Shell Lake artist receives province’s highest honour

Rigmor Clarke speaks at the Mann Art Gallery on June 14, 2019. (Jayda Noyes/Daily Herald)

A Shell Lake artist primarily known for her painting has been named one of the ten 2020 recipients of the Saskatchewan Order of Merit.

Rigmor Clarke, of Shell Lake, had her life’s work celebrated in a retrospective at the Mann Art Gallery in Prince Albert last year.

Clarke moved to BC with her family from their native Sweden when she was 14. In her 20s, she took a train as far as she could, arriving in Shell Lake, meeting her husband John and moving to his farm to start a family.

While she pursued art, it wasn’t until she turned 40 that she began a career as an artist full time.

While she still pursued art, it wasn’t until Rigmor turned 40 that she decided to pursue art full time.  She took art classes with Bob Christie, Myles McDonald and George Glenn, and took art workshops at Emma Lake.

Like when she was young, Clarke was inspired by a sight seen over water. According to a profile written by the Saskatchewan Arts Alliance, she had an epiphany while on a canoe trip on the Churchill River.
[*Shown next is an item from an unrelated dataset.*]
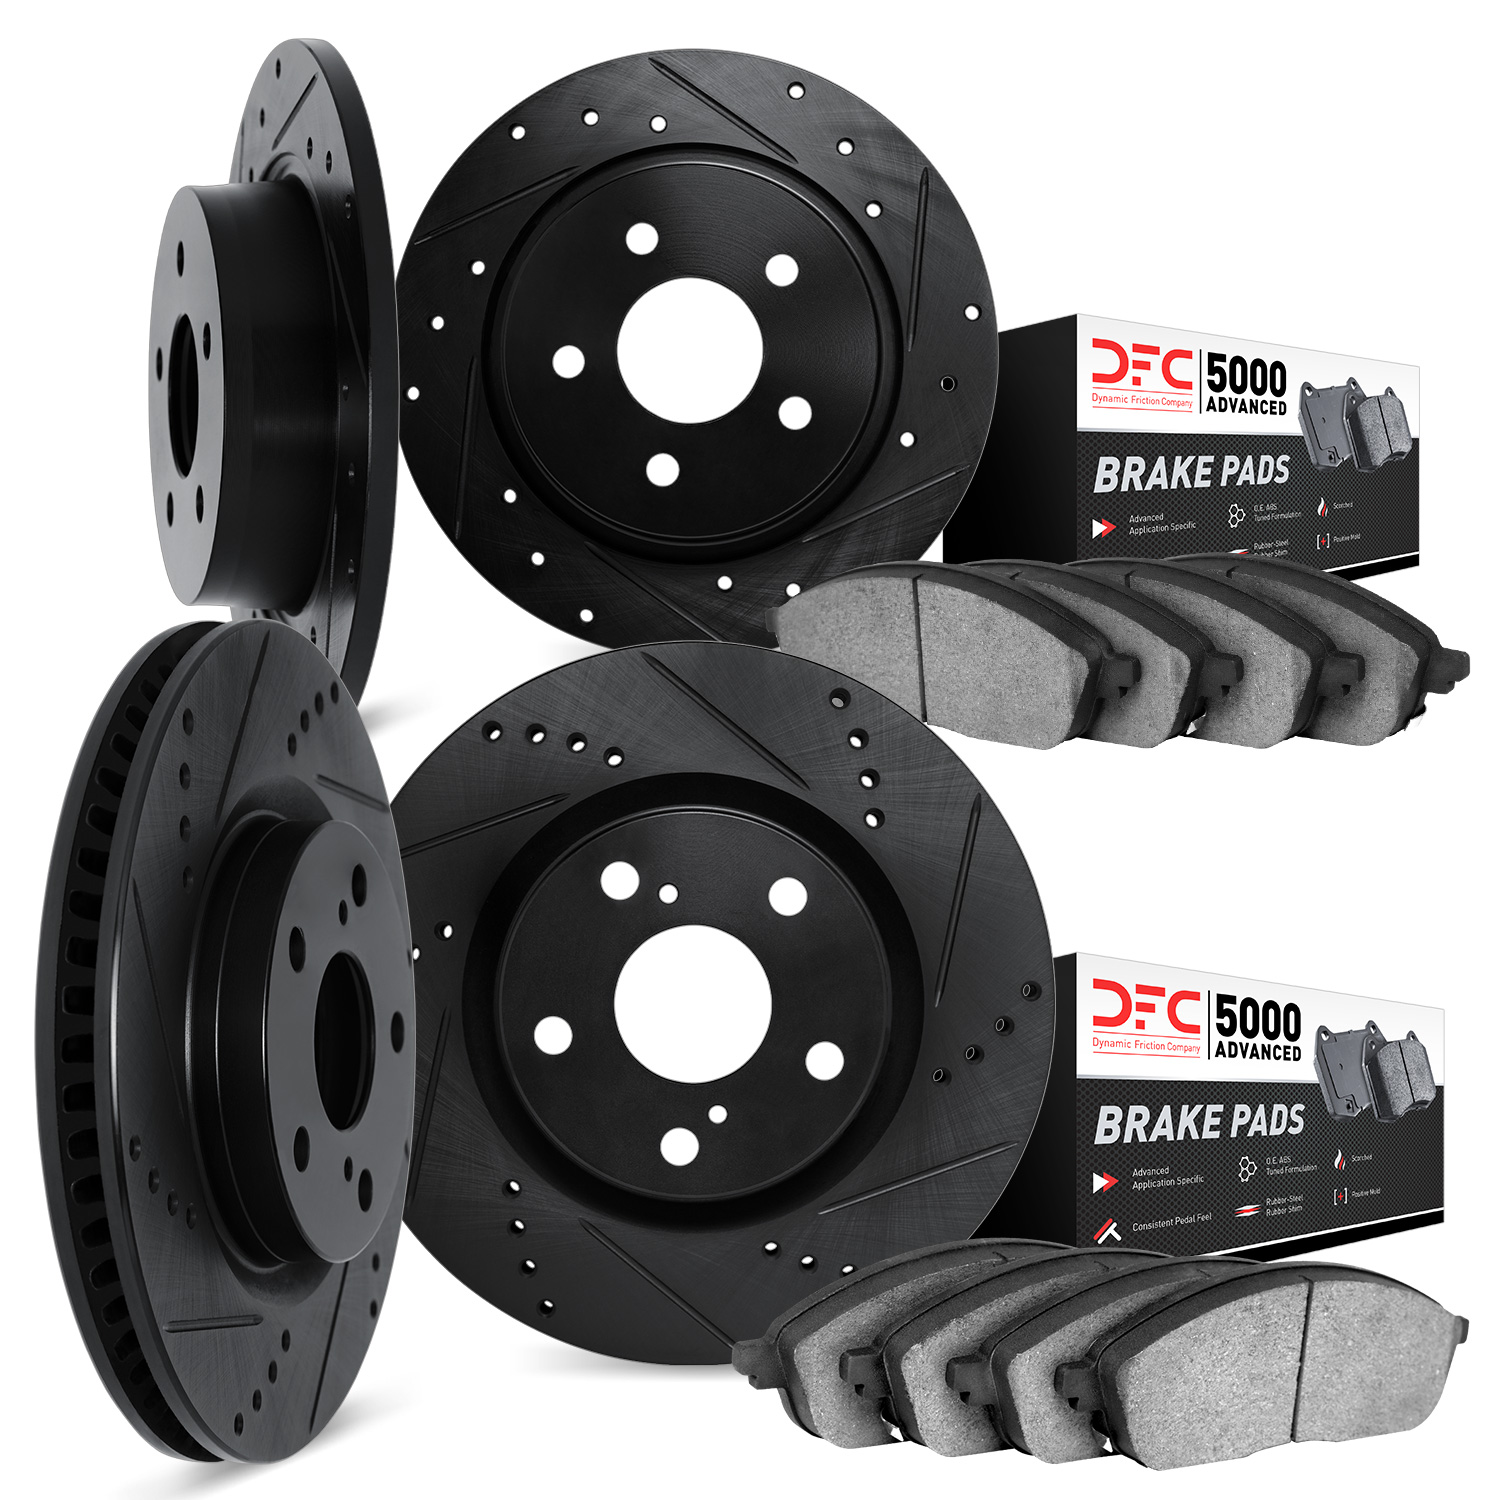 8504-67087 Drilled/Slotted Brake Rotors w/5000 Advanced Brake Pads Kit [Black], 1989-1990 Infiniti/Nissan, Position: Front and R

“I felt like I was home,” she said prior to the opening of her retrospective last year.

“It was very much like Northern Sweden where I was raised. Sweden is very much like Saskatchewan.”

Northern Saskatchewan, she said, looks much like northern Sweden, while the plains of the southern prairies reminiscent of the Swedish lowlands.

The similarities Clarke sees don’t end there. The Mann Art Gallery show featured a sample of her paintings of ravens. Ravens play an important role in Rigmor’s work — she even named her Shell Lake Quonset studio the Forest Raven Art Studio.

She first became fascinated with the raven when she was growing up and reading Nordic mythology. When she came to Canada, she learned the raven also featured prominently in the oral traditions of Indigenous people. As she explored further, she discovered more and more stories about the raven from the northern portions of the world’s continents.

She is also inspired by the province’s grand landscapes

“Saskatchewan is very beautiful,” she said.

“It’s got tremendous beauty. The variation from the south — I’ve seen the prairies. If I lived on the prairies, I would build on the emptiest, loneliest hill and not let anything grow more than two feet tall. Because the sky comes at you. It’s all around you. It’s very powerful.”

She smiled.

“But I’m a bush painter, not a sky painter.”

Clarke’s Thickwood Hills Studio Trail was the first of its kind in Saskatchewan and continues to flourish.

Several other studio tours have sprung up, taking the lead from the Thickwood Hills Studio Trail.

Even now, at age 85, Clarke remains active in acquiring new skills and carrying out a range of projects.

Clarke’s studio is open — she welcomes artists, tourists and locals, always taking the time to talk about her work, recite the poetry that inspires her and share her love of the landscape.

Clarke, the province said, is an inspiration to the Saskatchewan arts community and one of the most significant and influential artists in Prince Albert and north-central Saskatchewan.

The Order of Merit was established in 1985 to recognize excellence and achievement from outstanding Saskatchewan citizens who have made significant contributions in areas such as the arts, agriculture, business and industry, community leadership, public service, research and volunteer service.

Clarke wasn’t available for comment. The Herald will follow up with Clarke and others in a future edition to further discuss her artistic legacy.